[英]pandas: groupby and calculate time difference from first element in each group
In pandas, I would like to group data by the values in a column and then calculate the time difference between each timestamp and the first timestamp in that group. 在pandas中,我想按列中的值对数据进行分组,然后计算每个时间戳与该组中第一个时间戳之间的时间差。

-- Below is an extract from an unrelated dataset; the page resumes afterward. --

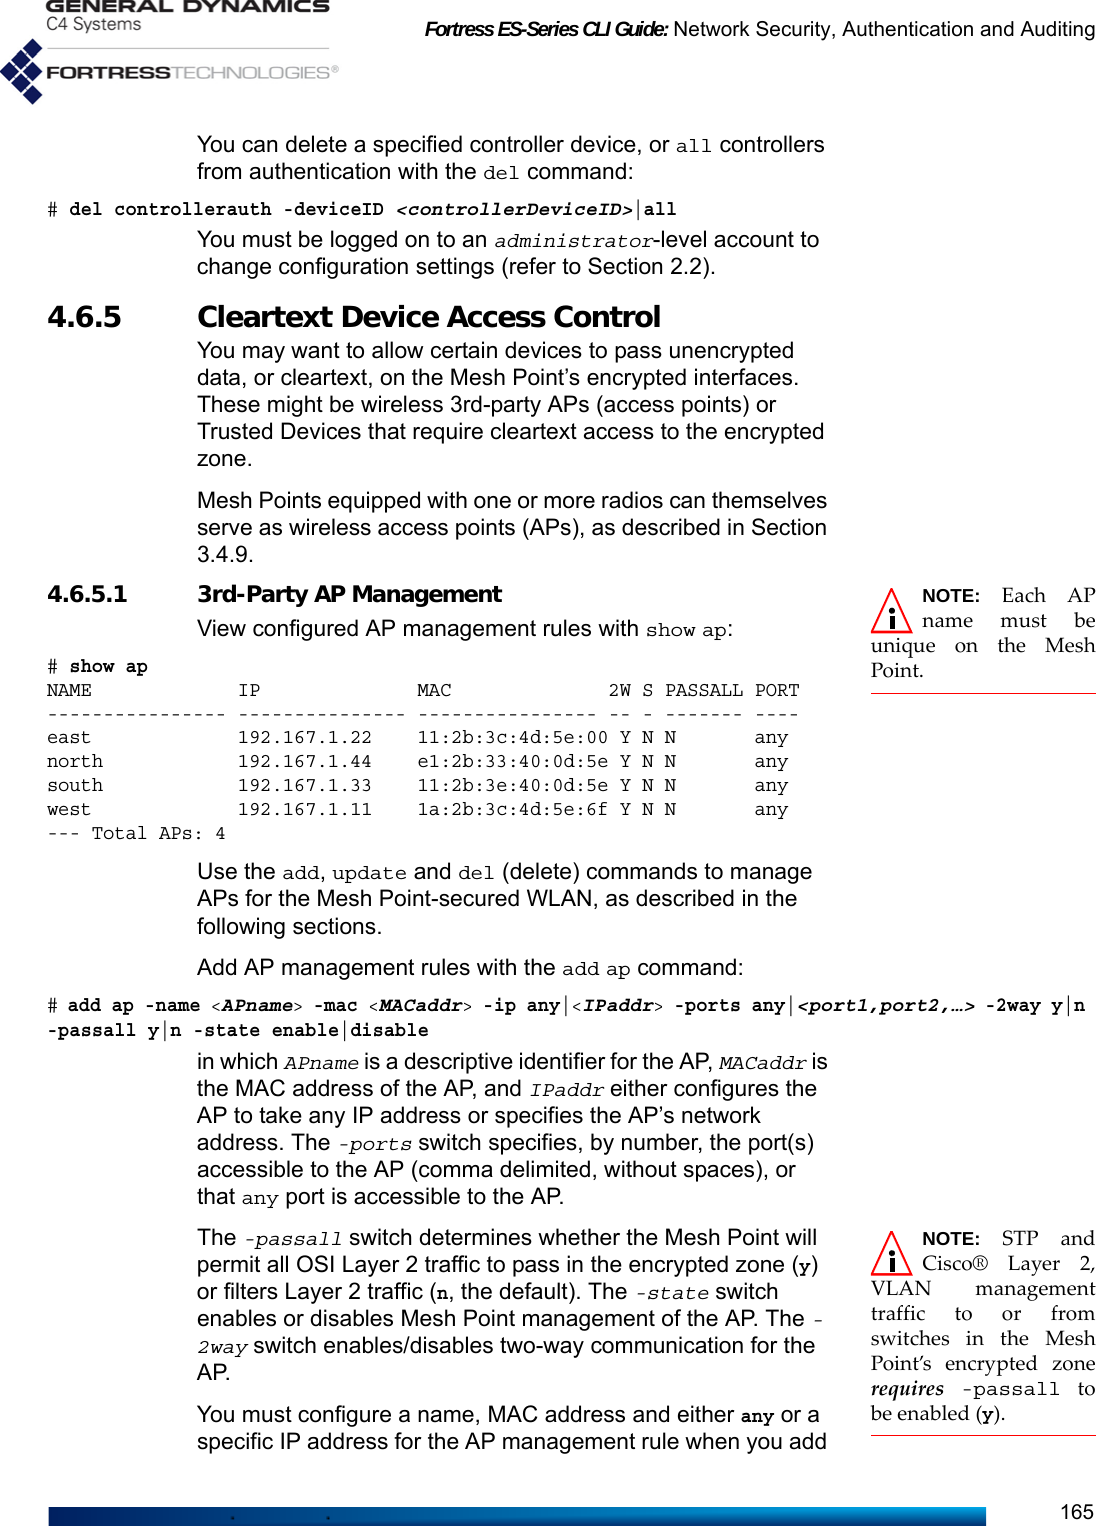 Fortress ES-Series CLI Guide: Network Security, Authentication and Auditing165You can delete a specified controller device, or all controllers from authentication with the del command:# del controllerauth -deviceID &lt;controllerDeviceID&gt;|allYou must be logged on to an administrator-level account to change configuration settings (refer to Section 2.2).4.6.5 Cleartext Device Access Control You may want to allow certain devices to pass unencrypted data, or cleartext, on the Mesh Point’s encrypted interfaces. These might be wireless 3rd-party APs (access points) or Trusted Devices that require cleartext access to the encrypted zone.Mesh Points equipped with one or more radios can themselves serve as wireless access points (APs), as described in Section 3.4.9. NOTE: Each APname must beunique on the MeshPoint.4.6.5.1 3rd-Party AP Management View configured AP management rules with show ap:# show apNAME             IP              MAC              2W S PASSALL PORT---------------- --------------- ---------------- -- - ------- ----east             192.167.1.22    11:2b:3c:4d:5e:00 Y N N       anynorth            192.167.1.44    e1:2b:33:40:0d:5e Y N N       anysouth            192.167.1.33    11:2b:3e:40:0d:5e Y N N       anywest             192.167.1.11    1a:2b:3c:4d:5e:6f Y N N       any--- Total APs: 4Use the add, update and del (delete) commands to manage APs for the Mesh Point-secured WLAN, as described in the following sections.Add AP management rules with the add ap command:# add ap -name &lt;APname&gt; -mac &lt;MACaddr&gt; -ip any|&lt;IPaddr&gt; -ports any|&lt;port1,port2,…&gt; -2way y|n -passall y|n -state enable|disablein which APname is a descriptive identifier for the AP, MACaddr is the MAC address of the AP, and IPaddr either configures the AP to take any IP address or specifies the AP’s network address. The -ports switch specifies, by number, the port(s) accessible to the AP (comma delimited, without spaces), or that any port is accessible to the AP. NOTE: STP andCisco® Layer 2,VLAN managementtraffic to or fromswitches in the MeshPoint’s encrypted zonerequires -passall tobe enabled (y).The -passall switch determines whether the Mesh Point will permit all OSI Layer 2 traffic to pass in the encrypted zone (y) or filters Layer 2 traffic (n, the default). The -state switch enables or disables Mesh Point management of the AP. The -2way switch enables/disables two-way communication for the AP. You must configure a name, MAC address and either any or a specific IP address for the AP management rule when you add 
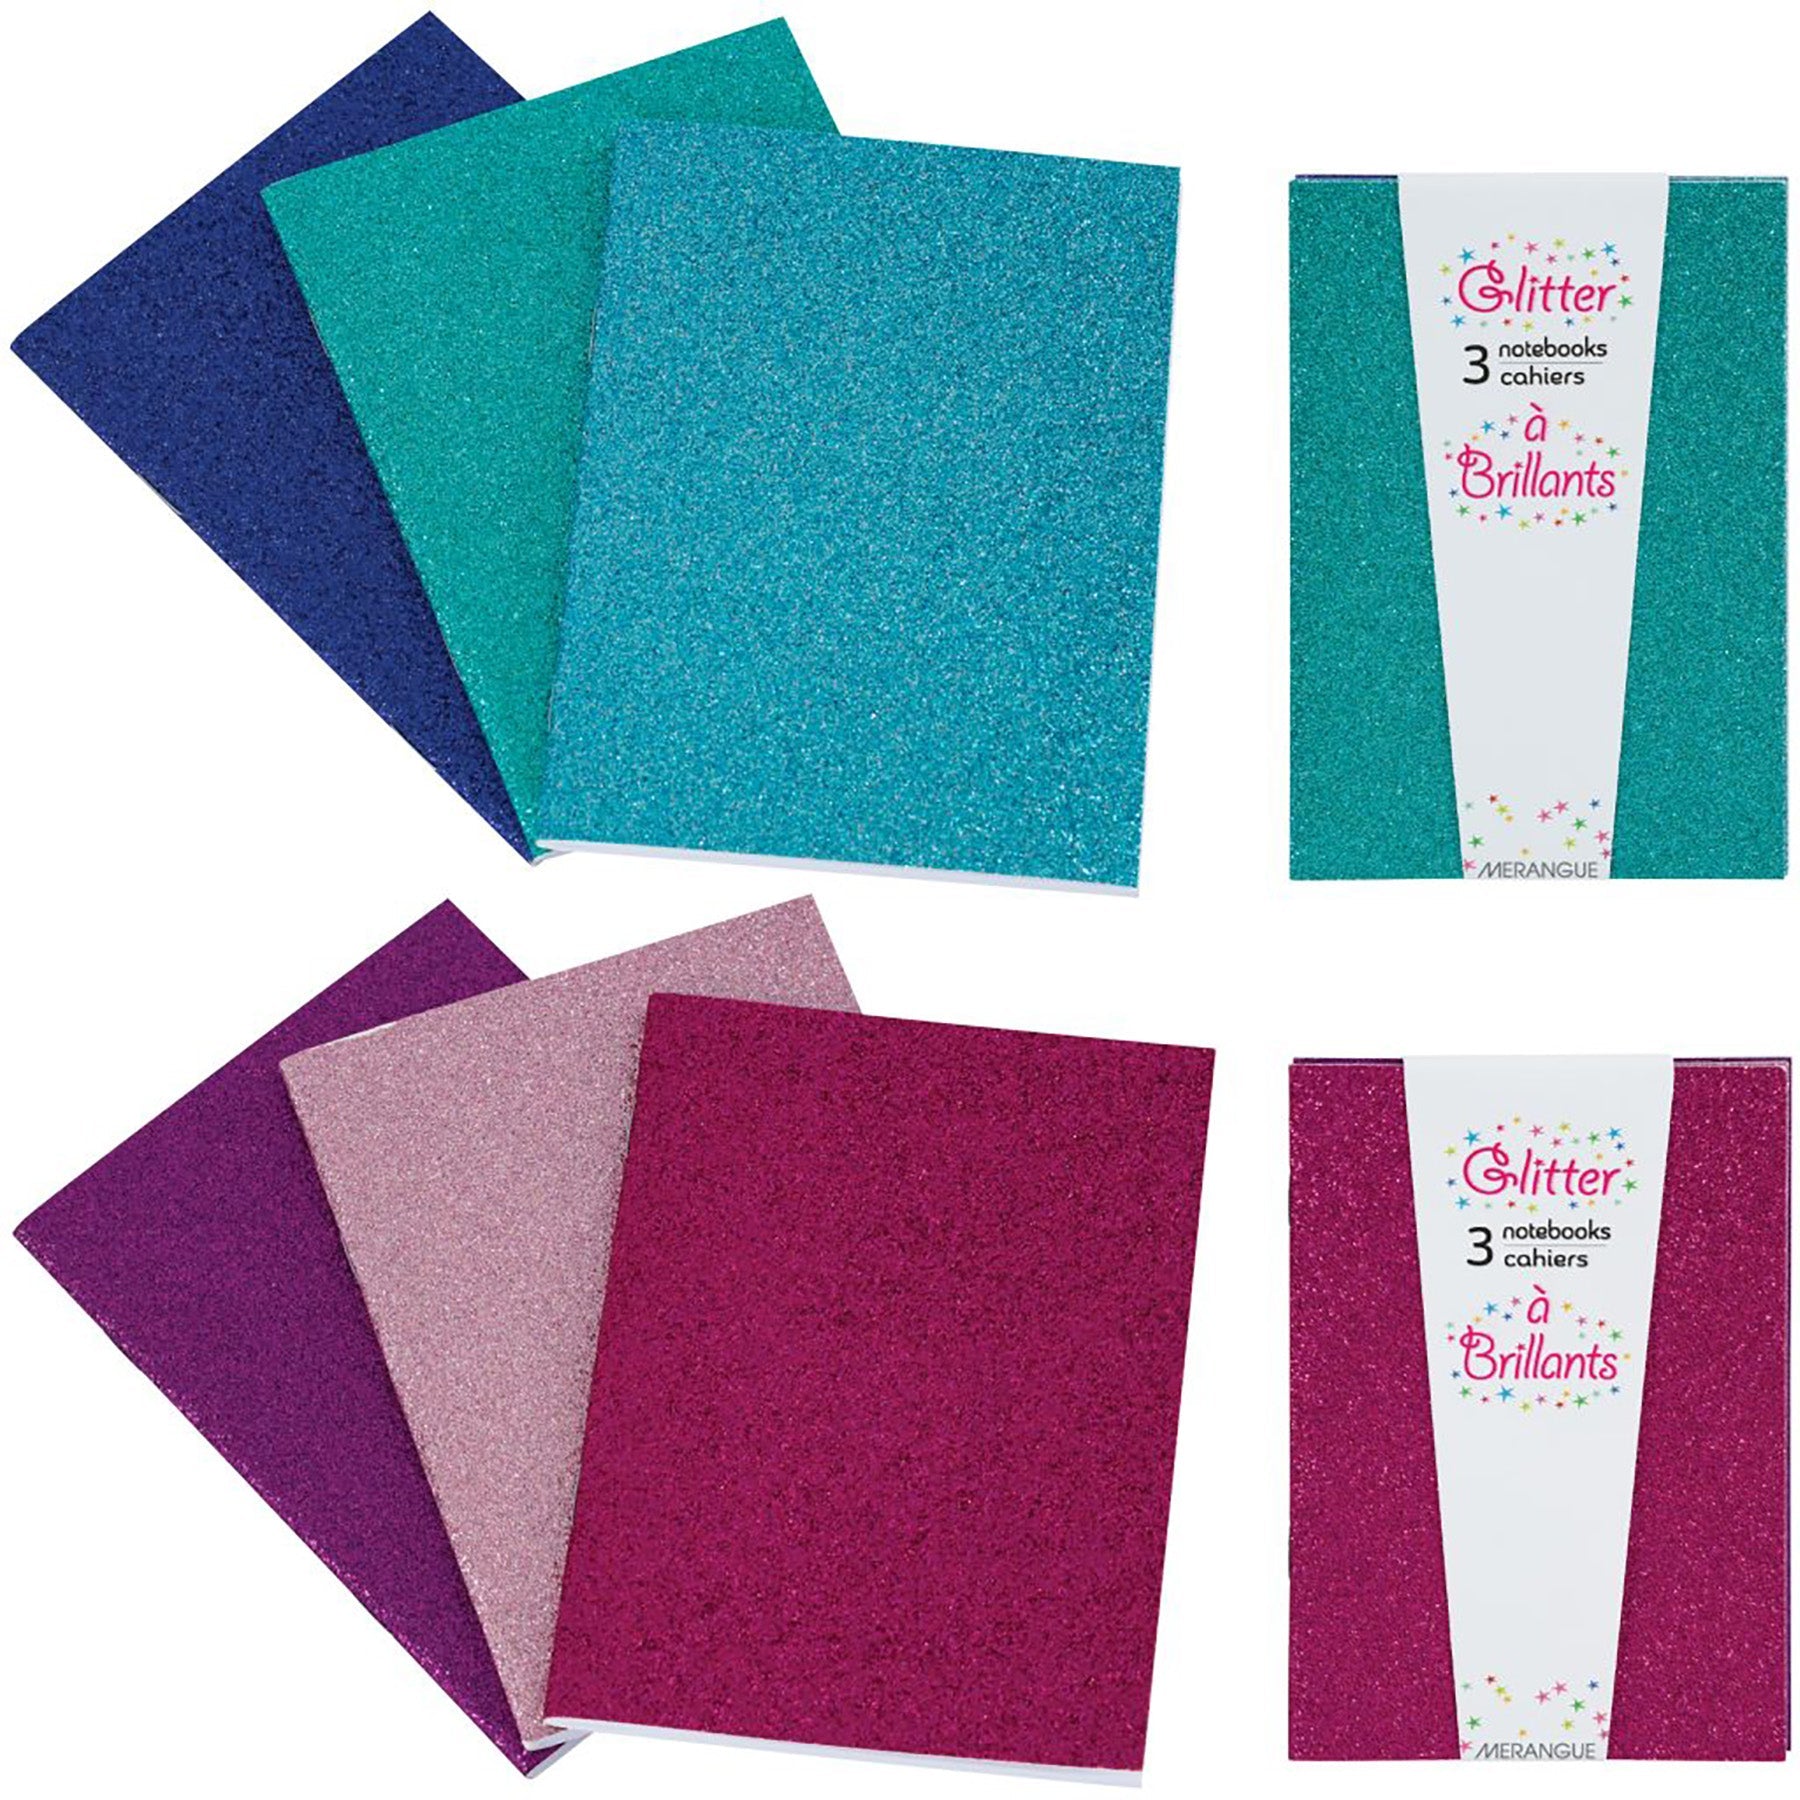 Merangue 3 Glitter Notebooks Lined 64 Pages 4x5.75in

For example, consider the following DataFrame: 例如,请考虑以下DataFrame:
# Create data.
d = {'foo': ['001', '001', '002', '002', '002'],
'timestamp': ['2015-02-24 19:12:00', '2015-02-24 21:38:00', '2015-02-25 03:41:00', '2015-02-25 03:44:00', '2015-02-25 03:49:00']}
df = pd.DataFrame(d, columns = ['foo', 'timestamp'])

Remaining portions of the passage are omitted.